***** SUPPLIED MATERIAL
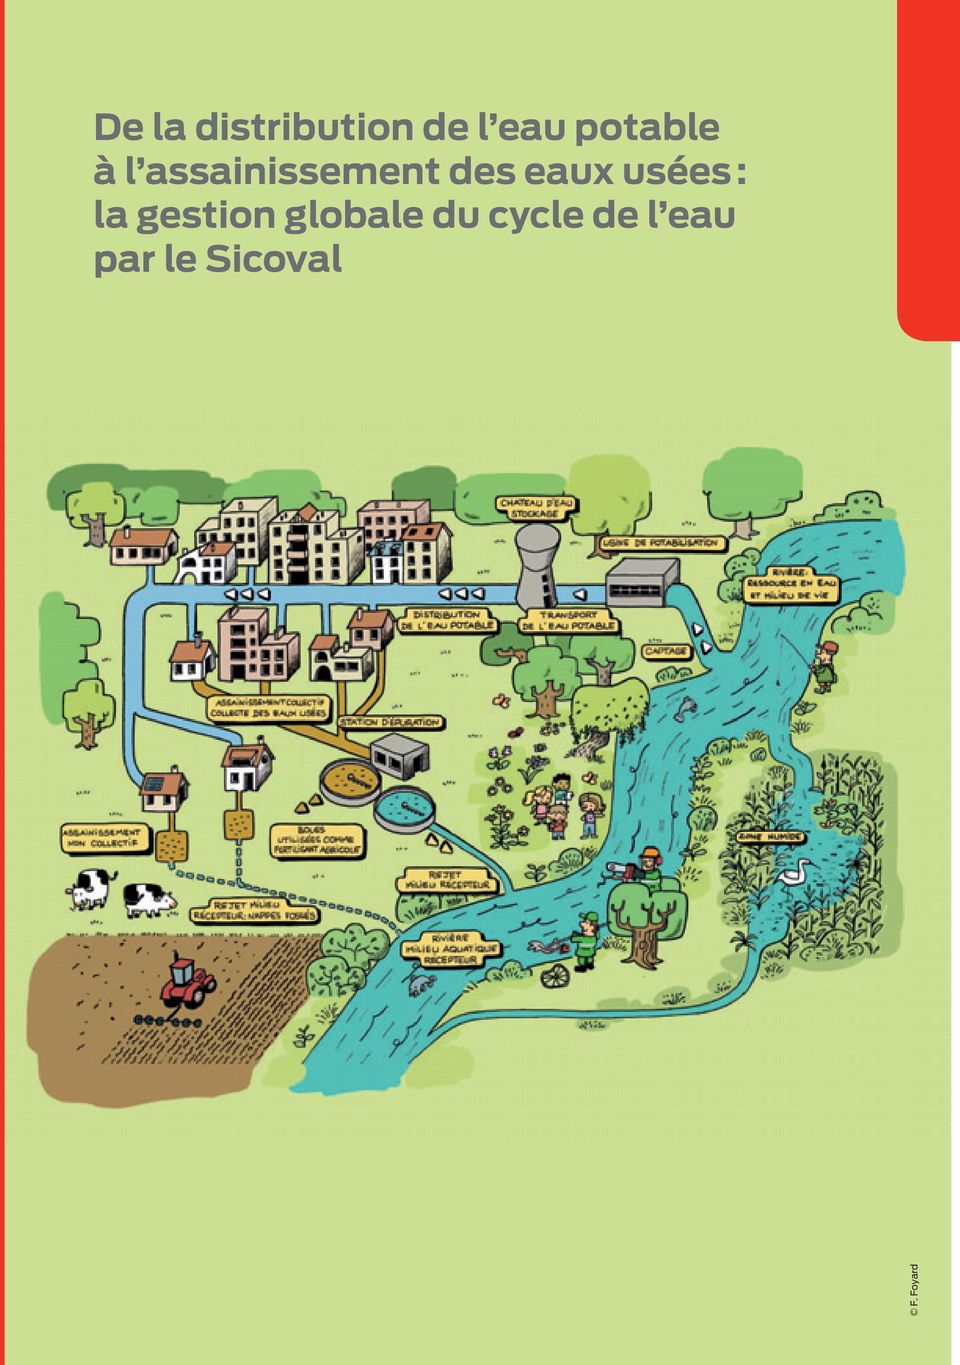 du cycle de l eau par le Sicoval Une gestion
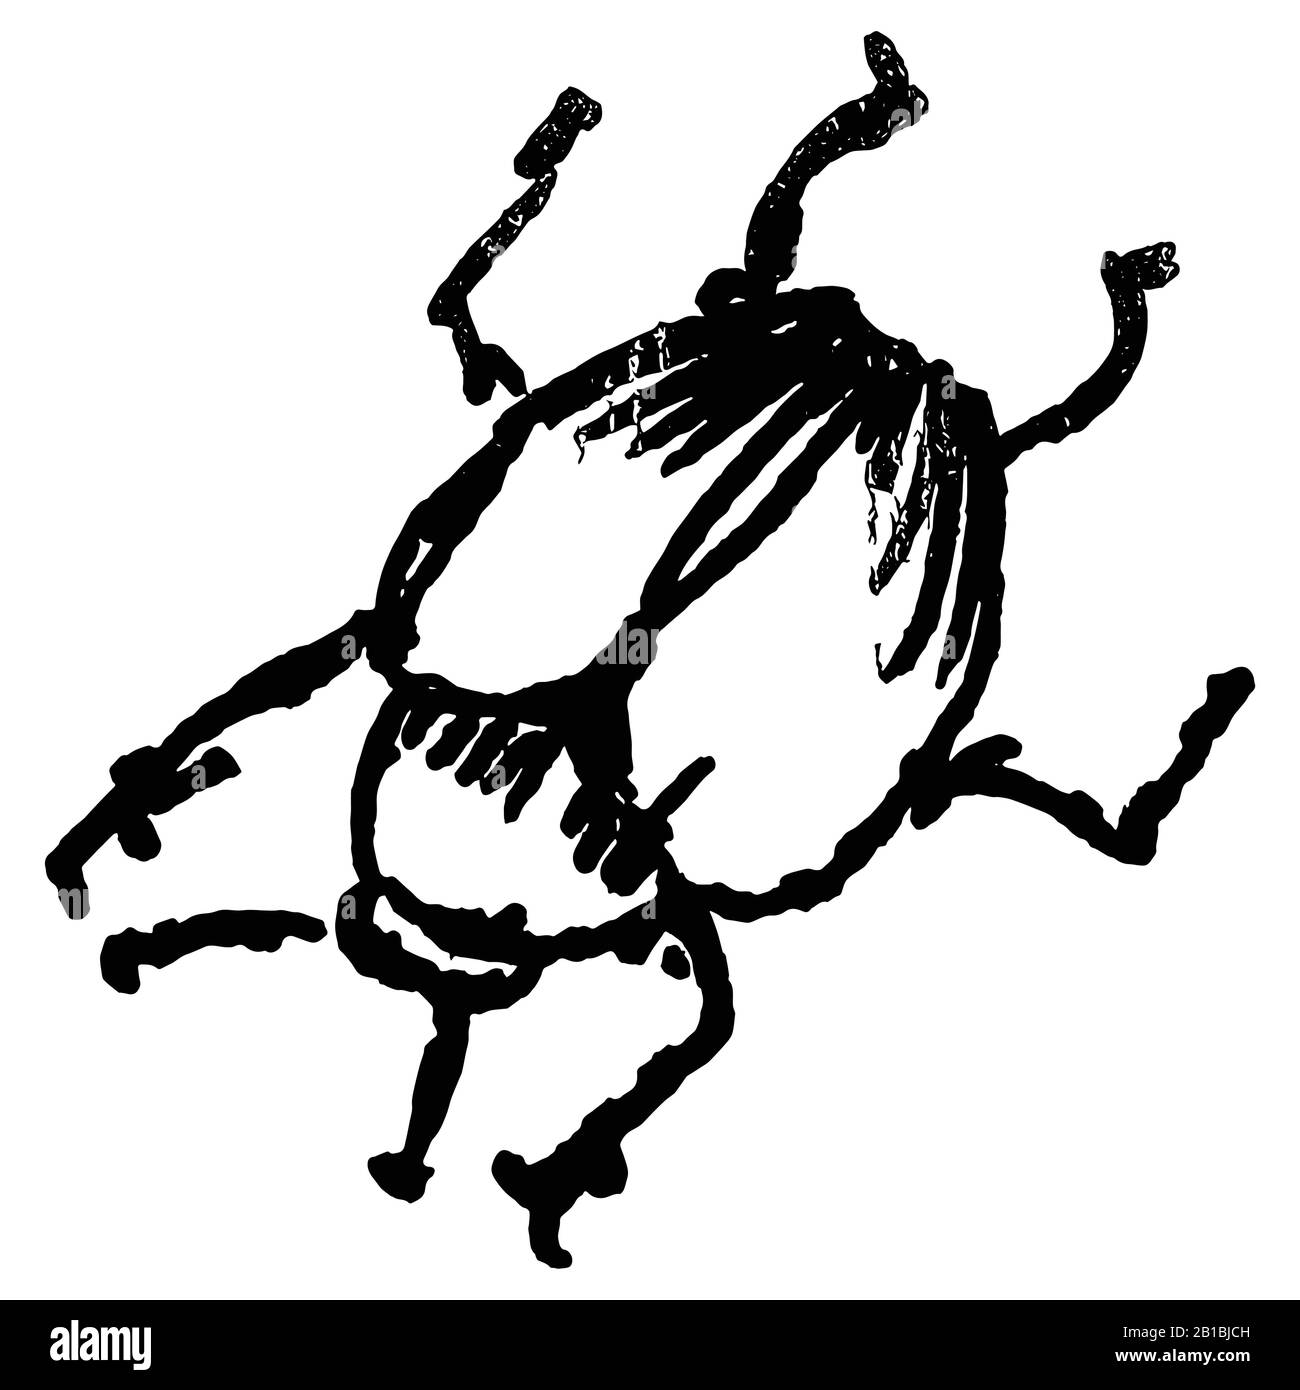 Lindo dibujo animado diminuta fruta escarabajo vector clipart. Insecto de la peste del jardín. Athropod fideos naive de insecto biológico alado. Tallarines de fauna silvestre Ilustración del Vector
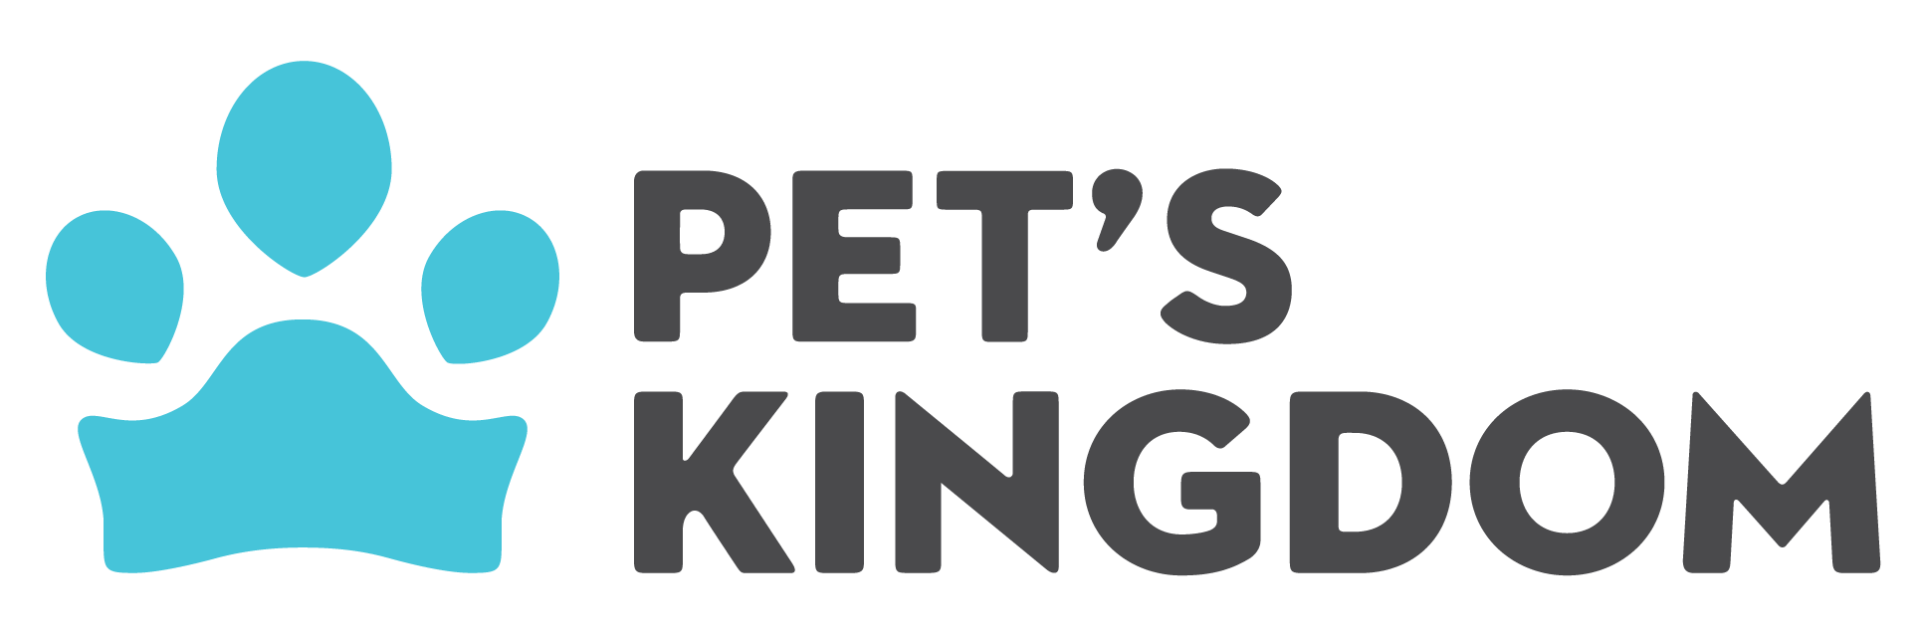 Pet's Kingdom
**********
| AIM OF THE TASK |
What you write should match, word for word, the lines from the one containing "Lindo dibujo animado" to the end of the listing, with both ends kept and the pictures left out.

| THE COMPLETED TASK |
 Lindo dibujo animado diminuta fruta escarabajo vector clipart. Insecto de la peste del jardín. Athropod fideos naive de insecto biológico alado. Tallarines de fauna silvestre Ilustración del Vector
 Pet's Kingdom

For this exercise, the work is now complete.